BEGIN THE DATA
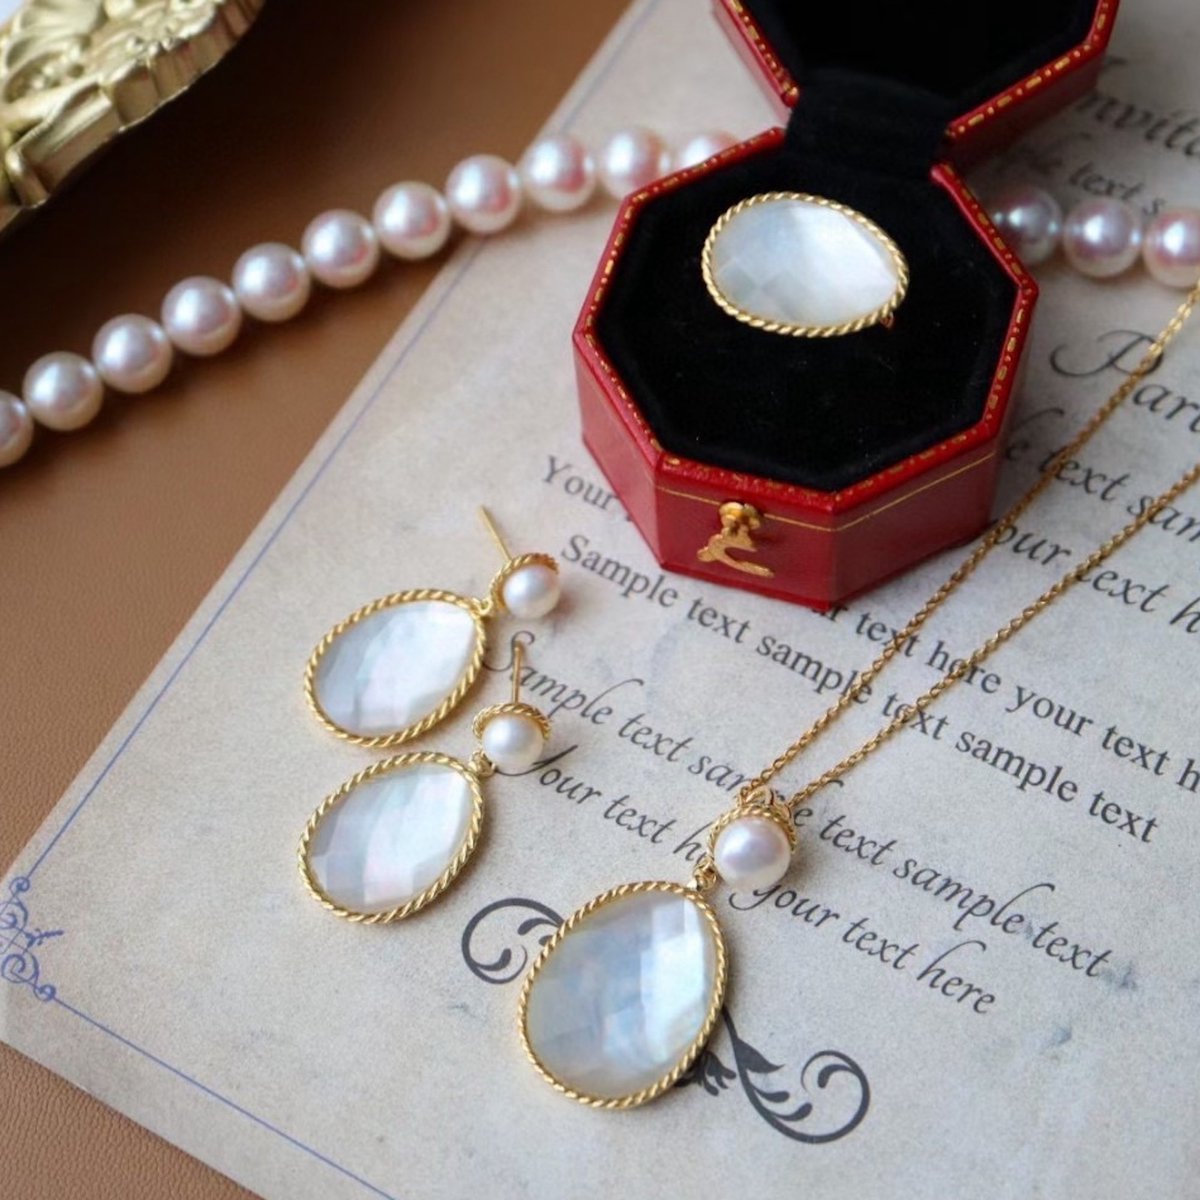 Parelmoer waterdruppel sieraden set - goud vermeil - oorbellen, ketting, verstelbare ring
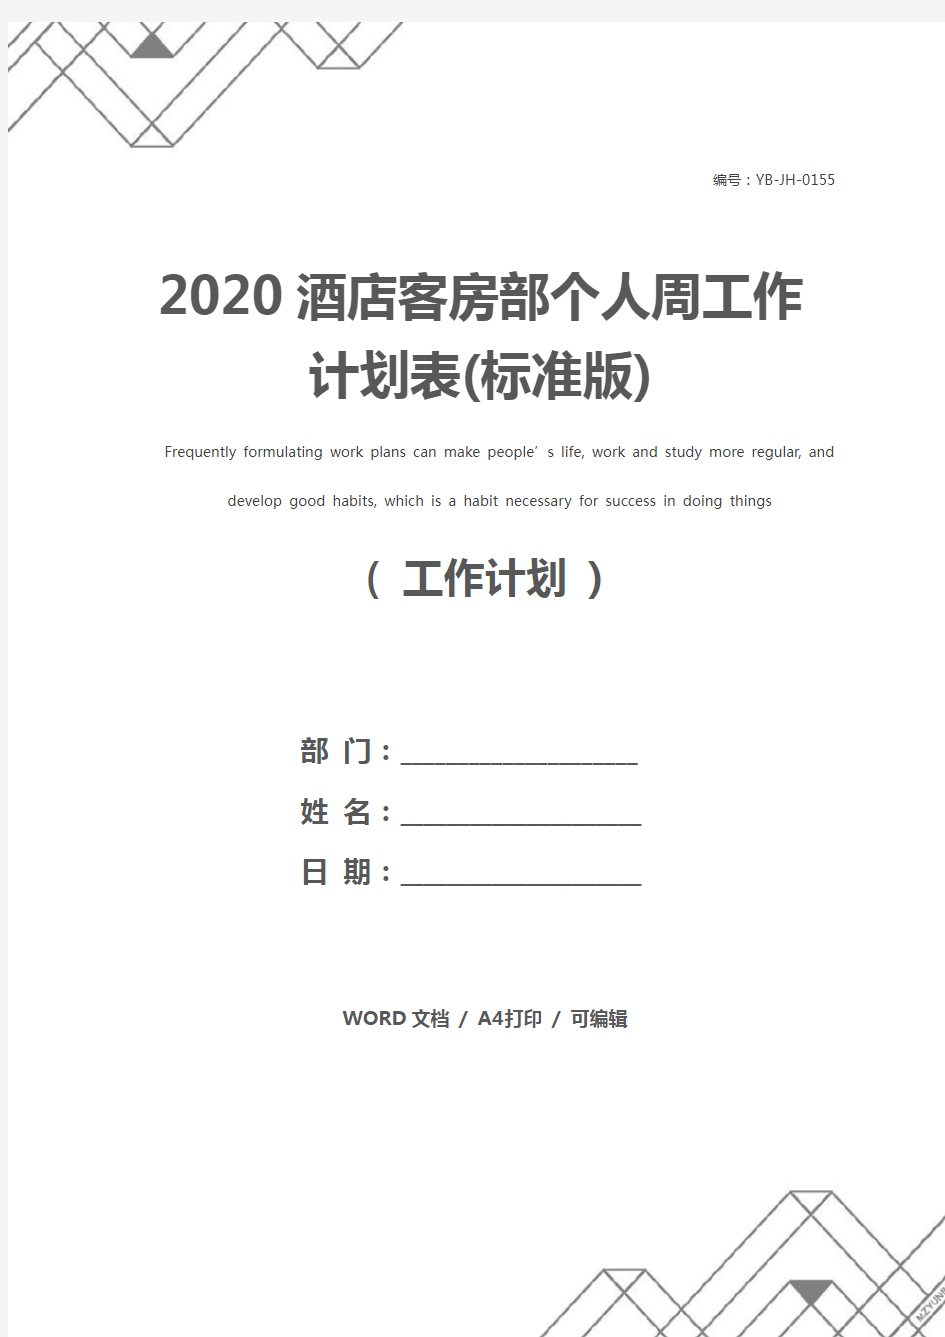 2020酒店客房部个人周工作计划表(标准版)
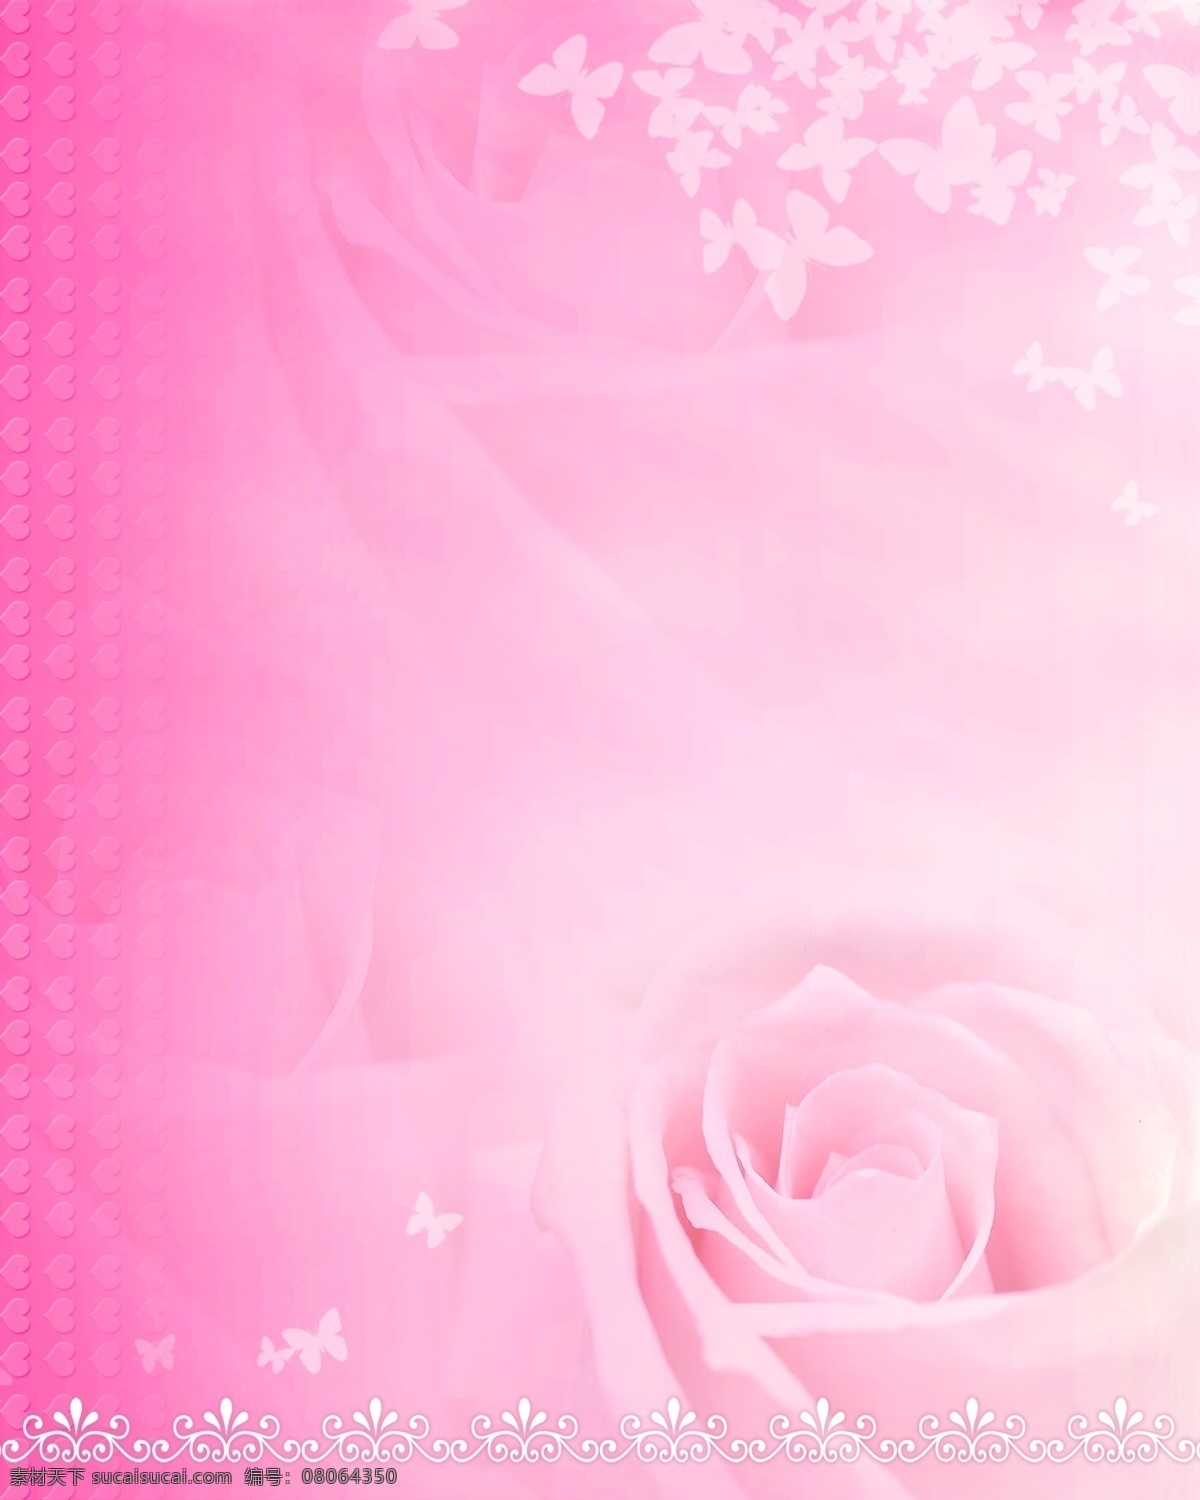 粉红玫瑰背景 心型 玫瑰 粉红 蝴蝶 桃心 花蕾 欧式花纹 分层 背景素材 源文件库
END THE DATA
BEGIN THE DATA
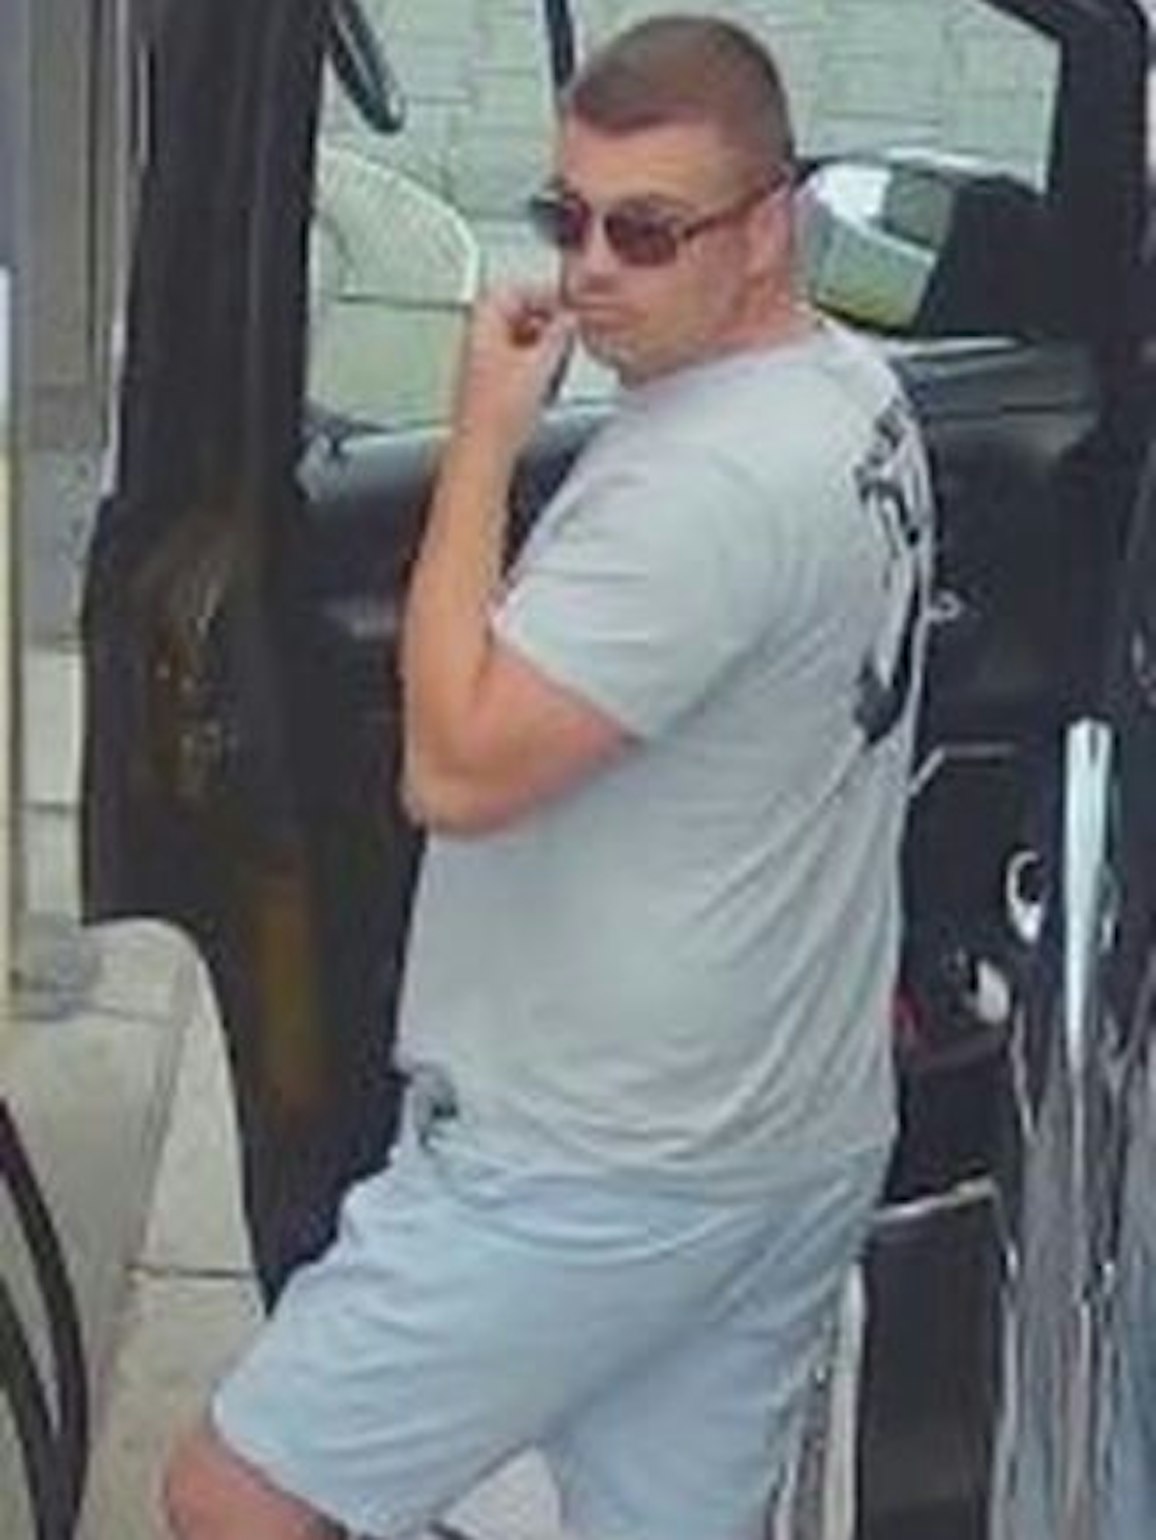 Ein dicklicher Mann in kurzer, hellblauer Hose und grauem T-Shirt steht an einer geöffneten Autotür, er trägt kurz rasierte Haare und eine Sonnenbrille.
END THE DATA
- **TO DO**:
From the records above, extract the lines from the one holding "2020酒店客房部个人周工作计划表(标准版)" through the one holding "粉红玫瑰背景 心型 玫瑰 粉红 蝴蝶 桃心 花蕾 欧式花纹 分层 背景素材 源文件库", word for word; omit the pictures.

- **EXERCISE ANSWER**:
 2020酒店客房部个人周工作计划表(标准版)
 粉红玫瑰背景 心型 玫瑰 粉红 蝴蝶 桃心 花蕾 欧式花纹 分层 背景素材 源文件库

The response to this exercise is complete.